Psychometric tests were administrated to all participants to establish anxiety level (mild, moderate, severe and panic level anxiety), evidencing that, at the same extent in the two groups, a moderate level of anxiety was recorded. In detail, 40% of professional athletes declared to feel tense and restless versus 39% of the non-professional athletes. Of the professional athletes, 35% reported to feel often in trouble, while 36% of the non-professionals had the same feeling at the interview time. Of the professional athletes, 25% felt they often had negative thoughts versus 28% of non-professional athletes.
Three questionnaires were administered to all participants to assess the duration and quality of sleep. The PSQI global score revealed that 44% of professionals and 23.81% of non-professionals had poor sleep quality (PSQI global score > 5) at the time of interview (p = ns).
The two groups are comparable for all the analyzed features, except for sex and previous alcohol or drug use. In particular, professional athletes show a statistically significant use of drugs and alcohol in the past with respect to non-professional athletes (p ≤ 0.05 Chi-squared test/Fisher Exact Test). The two populations show no differences, except for the parameter linked to the latency of falling asleep (Table 2). Professional athletes seem to take longer to fall asleep, however, correcting the univariate and considering the latency parameter as dependent in a multivariate logistics corrected for sex, age, use of coffee, and sleep drugs, the parameter is not significant between the two groups (data not shown).
In Table 3, multivariate regression analysis was reported for the PSQI scores. A correlation emerges between high PSQI values (which correspond to low quality of sleep) and the use of drugs for sleep (p = 0.028).

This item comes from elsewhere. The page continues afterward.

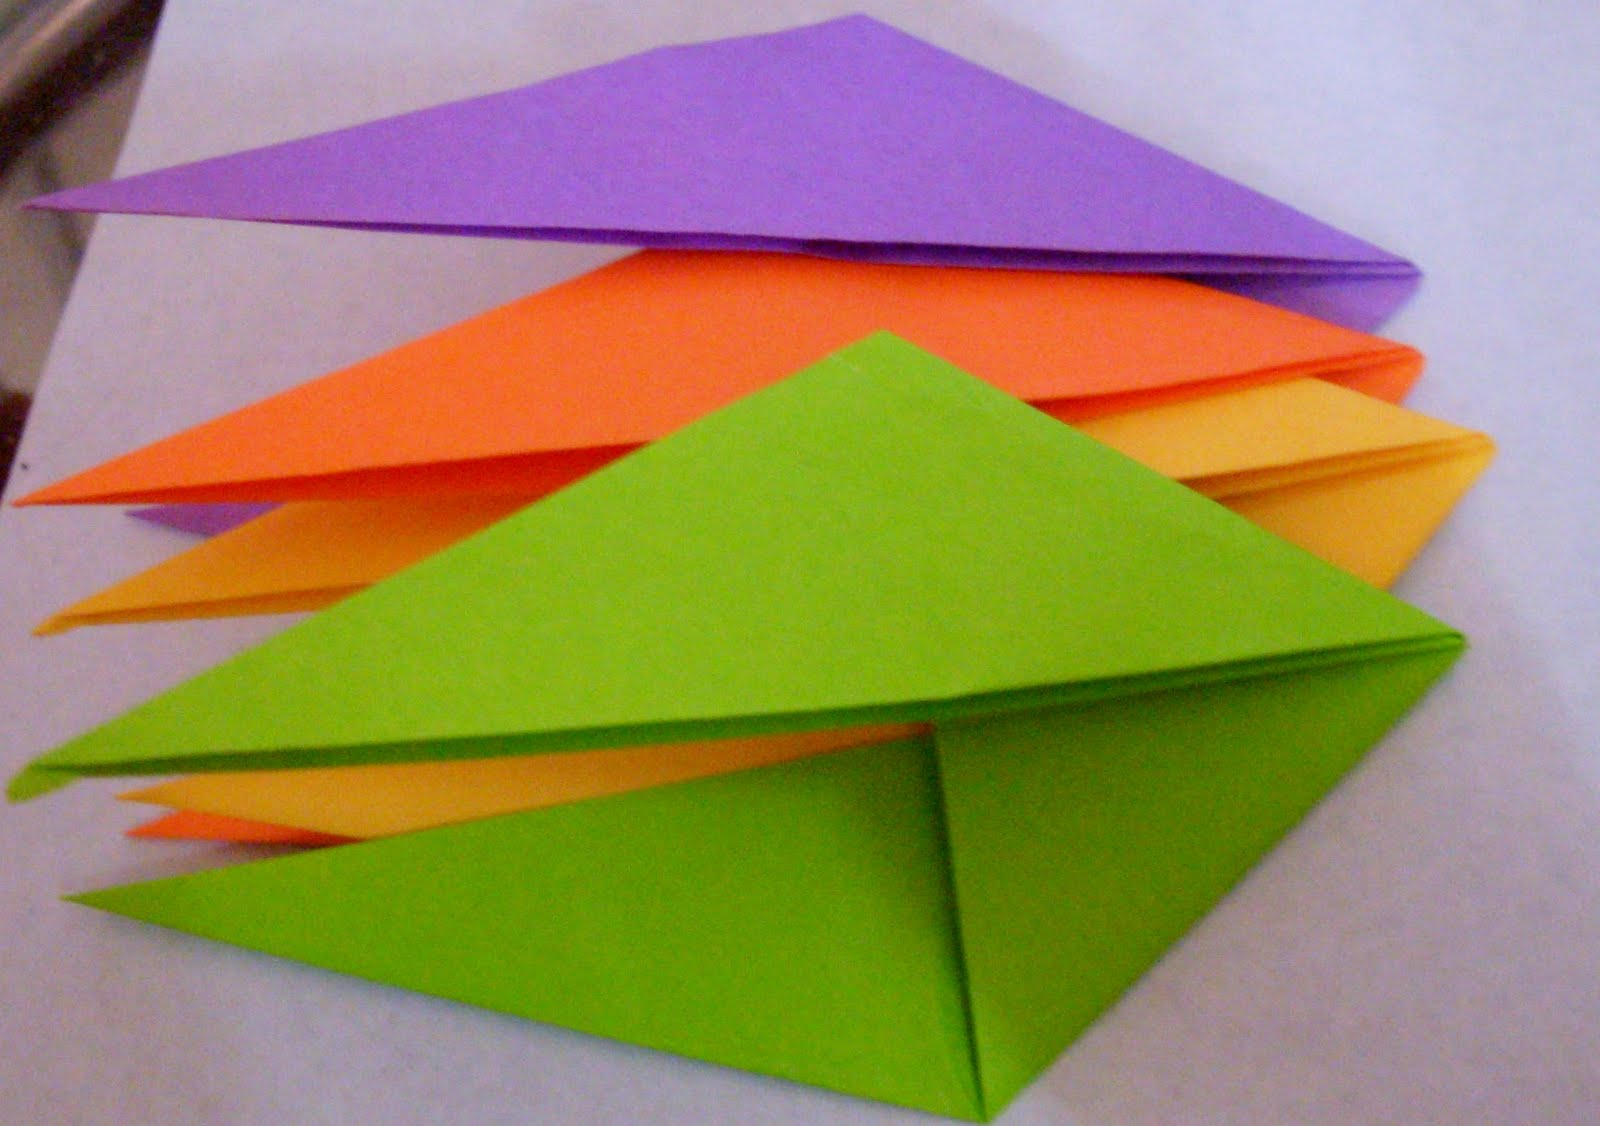 Tomoko Fuse Origami Instructions Origami Origami Tomoko Fuse Espiral

In addition, participants completed the Epworth Sleepiness Scale (ESS) as a measure of general sleepiness, where a score of >10 indicates excessive sleepiness (Johns, 1991), a score >12 indicates subjects with mild obstructive sleep apnea (OSA) and a score > 12 indicates a severe OSA [23]. Scores collected from the two groups are reported in Figure 1. For both groups, 13.5% of subjects show an ESS score >10 that is correlated with an increased tendency of daytime sleepiness.

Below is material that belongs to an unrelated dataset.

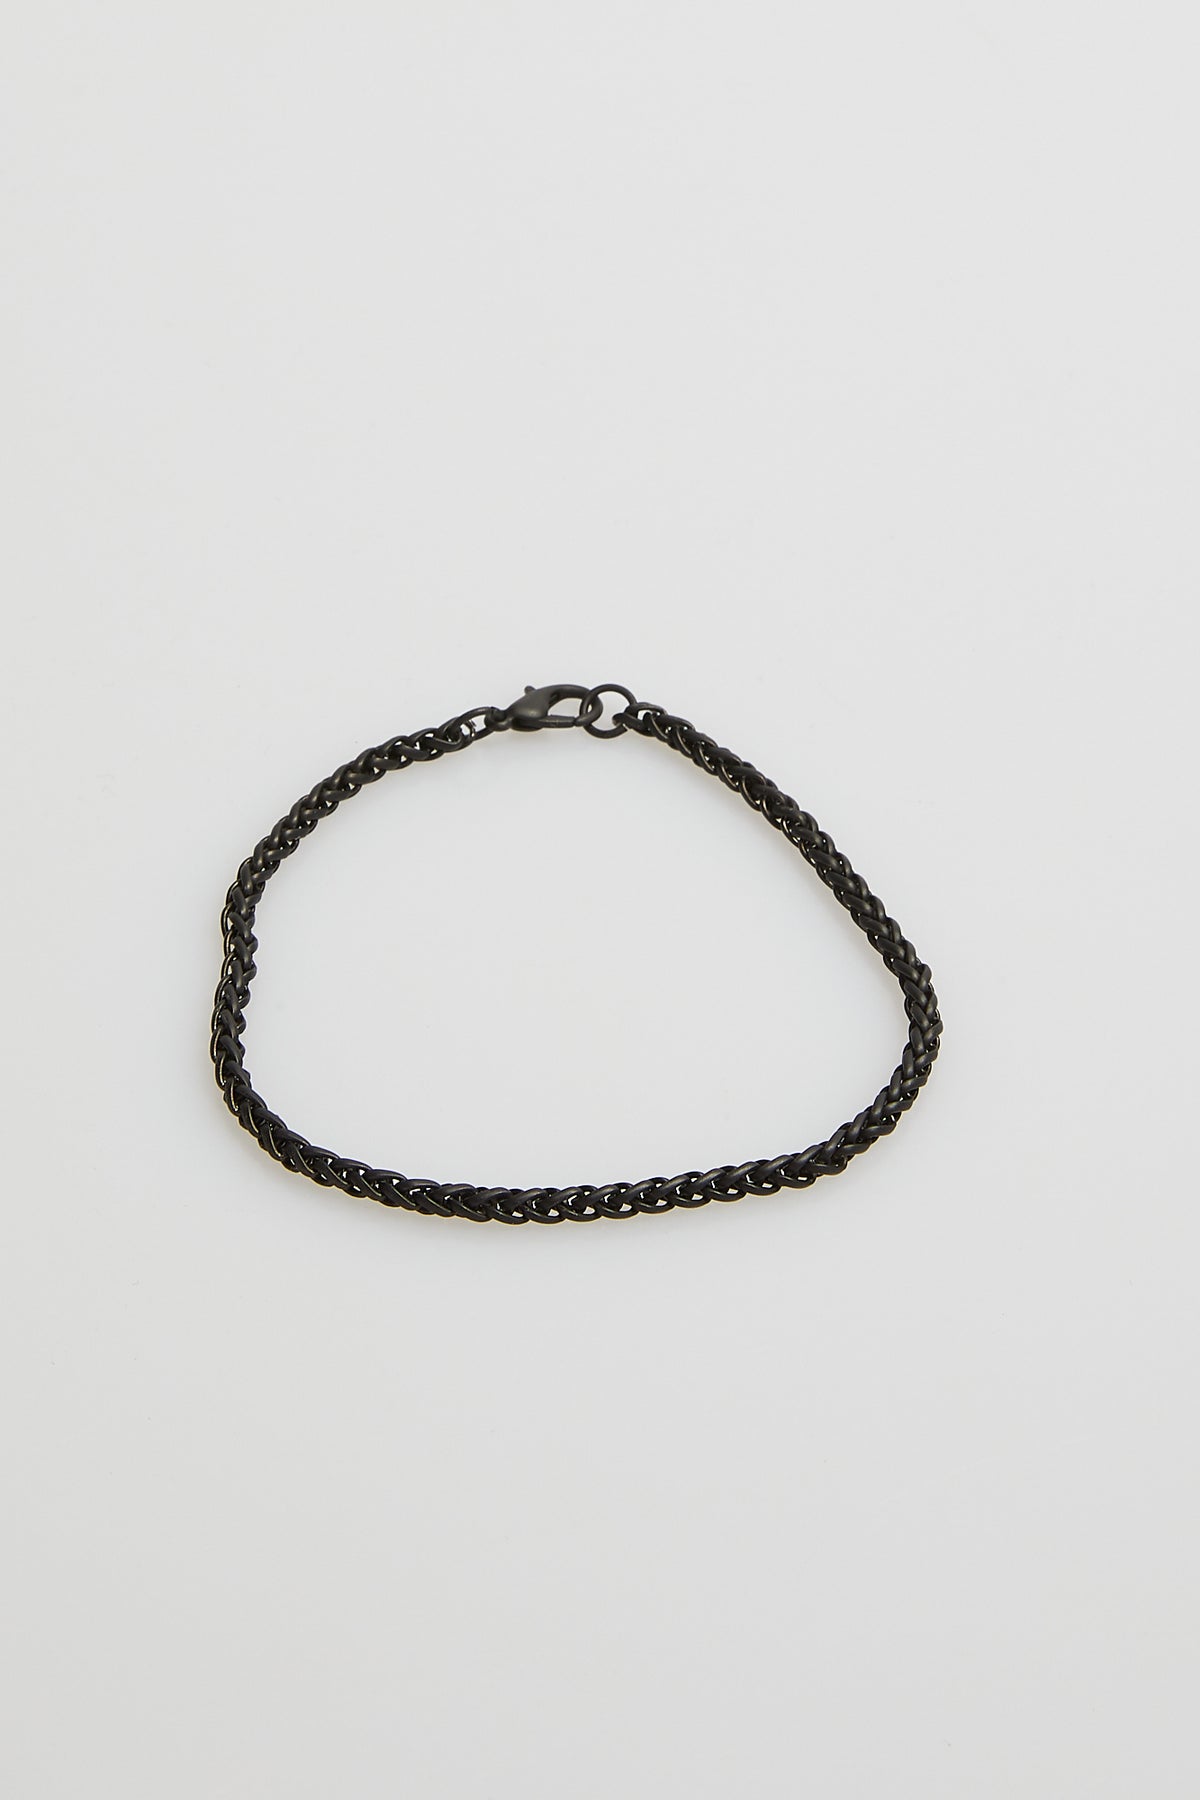 NTH Chain Bracelet Black NTH20201030-3

Finally, we administered the MorningnessEveningness Questionnaire (MEQ) in order to evaluate the circadian rhythm of each subject in relation to the peak of alertness in the morning, in the evening, or in between. The standard MEQ consists of 19 multiple-choice questions with the scores falling in a range between 16 and 86. A score lower or equal to 41 indicates a “serotonin” type. A score greater than or equal to 59 indicates a “morning” type. Scores between 42 and 58 indicate an “intermediate” type. The 36% of professionals versus the 14% of non-professional subjects reached a score comprised between 0 and 41, which corresponds to a “serotonin type” (Figure 2).

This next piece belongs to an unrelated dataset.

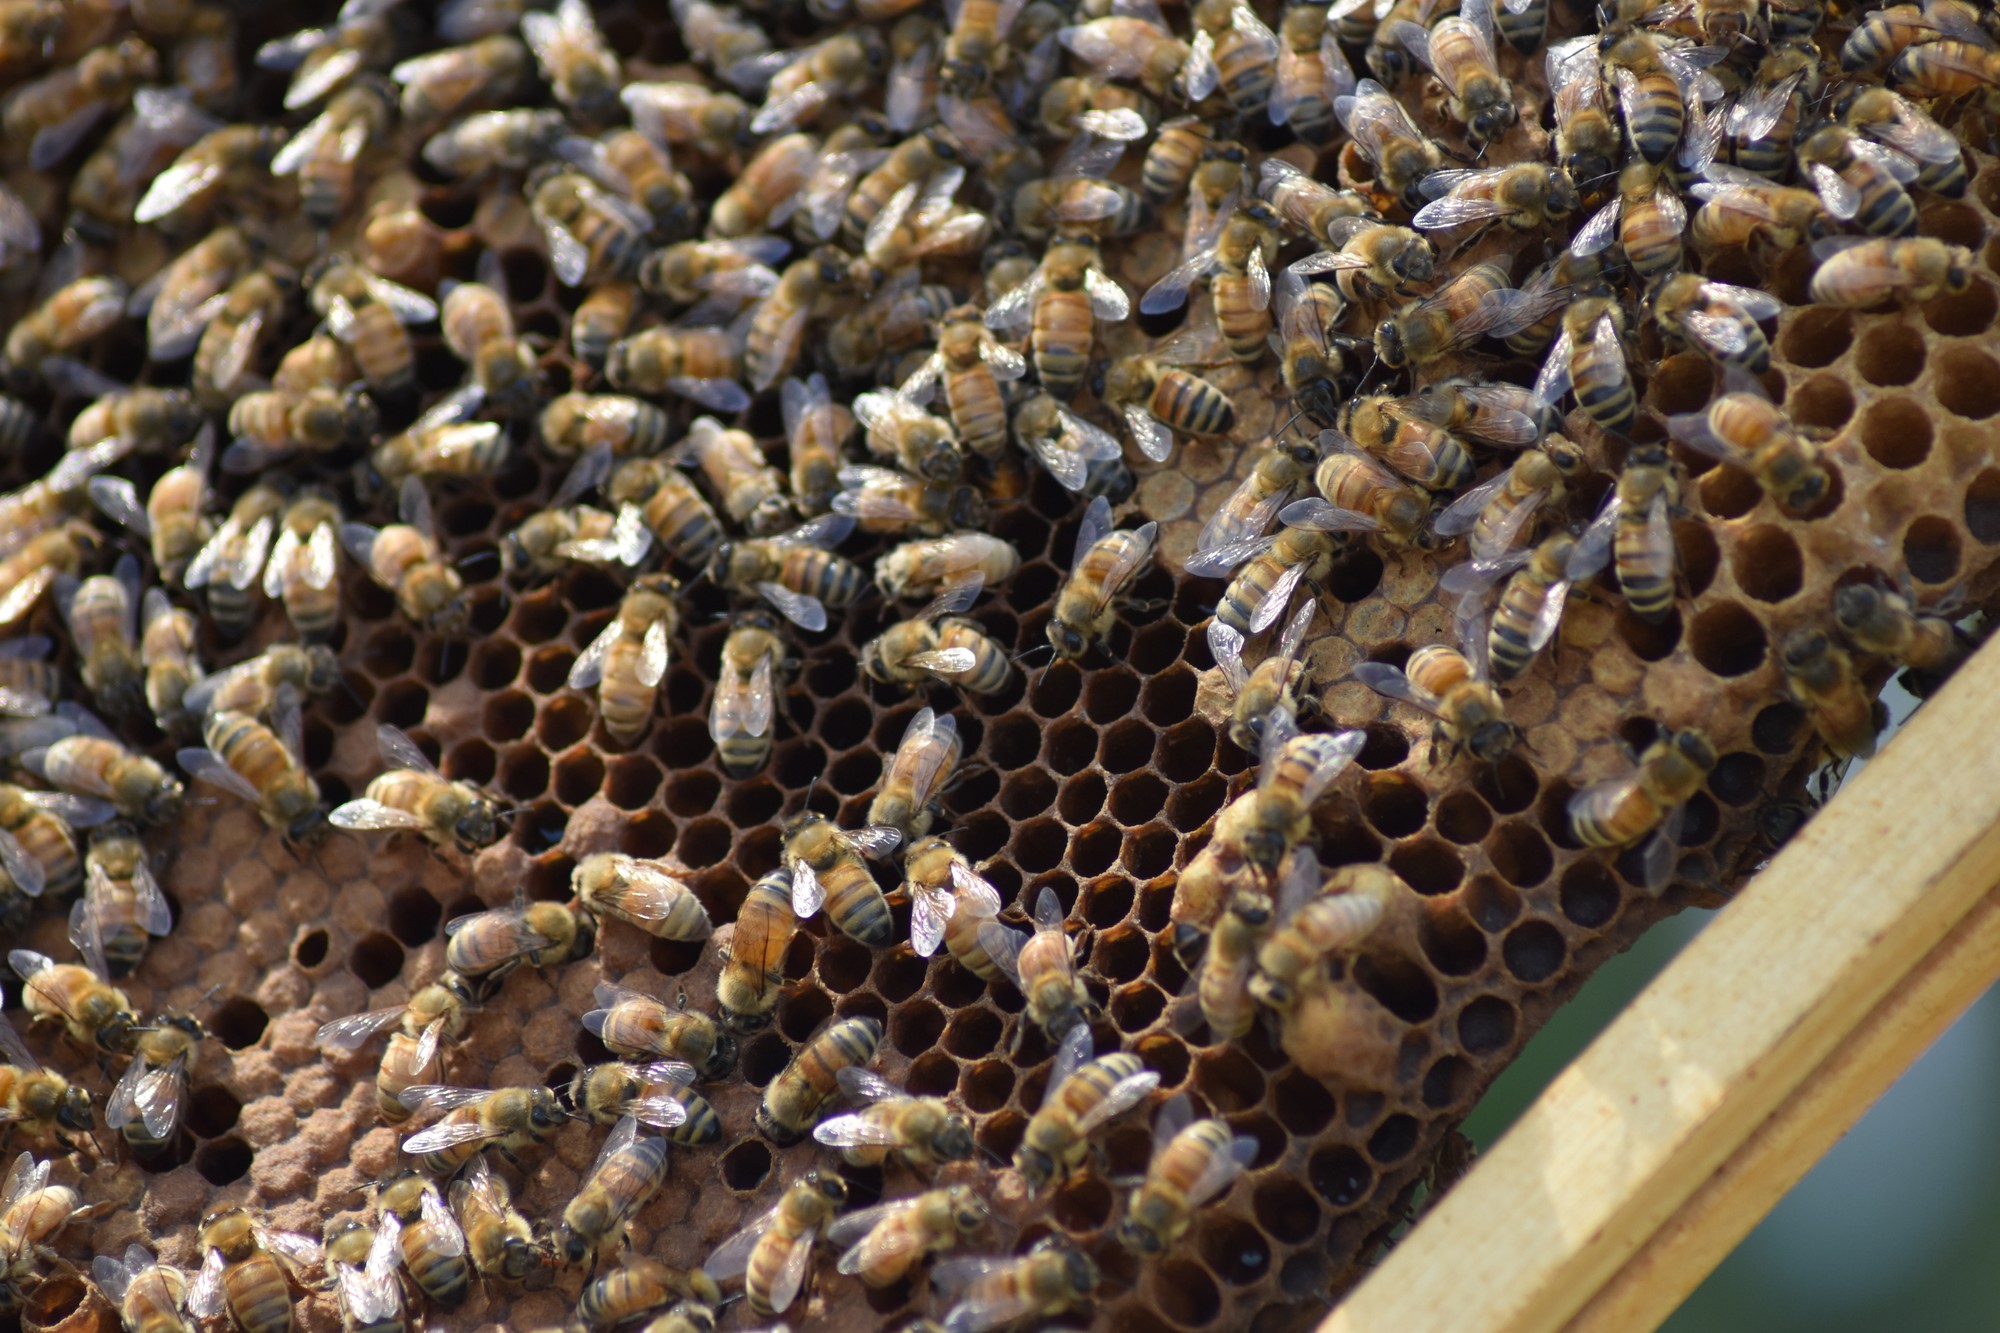 KSU farms to help revive bee population

We found that the prevalence of difficulties to sleep was about 44% in the professional group versus 23% in non-professionals. Interestingly, 40% of professionals and 38% of non-professionals reported a tendency to wake up during sleep and 32% of professionals reported feeling often tense and restless versus the 14% of non-professionals.

4. Discussion

Exercise and sports activities were demonstrated to positively impact behavioral sleep parameters [25]. Indeed, exercise may impact both the need for sleep and the circadian pacemaker. However, it has been shown that the effects are produced for long-term training and are not determined by single bouts of exercise [26].
Our data analysis from 46 subjects included in this study revealed no statistically significant differences in terms of sleep quality and duration between non-professional subjects, who interrupted physical activity during the severe lockdown, and professional athletes, who continued with a training volume of at least 5 weekly hours. Surprisingly, professional athletes show a tendency of the latency of falling asleep more prolonged than non-professional athletes, despite training.
The absence of relevant differences between the two groups might be attributable to several factors. Firstly, the non-professional subjects considered in this study were physically active until the beginning of the lockdown and potentially still benefit from the positive effects of exercise on sleep parameters.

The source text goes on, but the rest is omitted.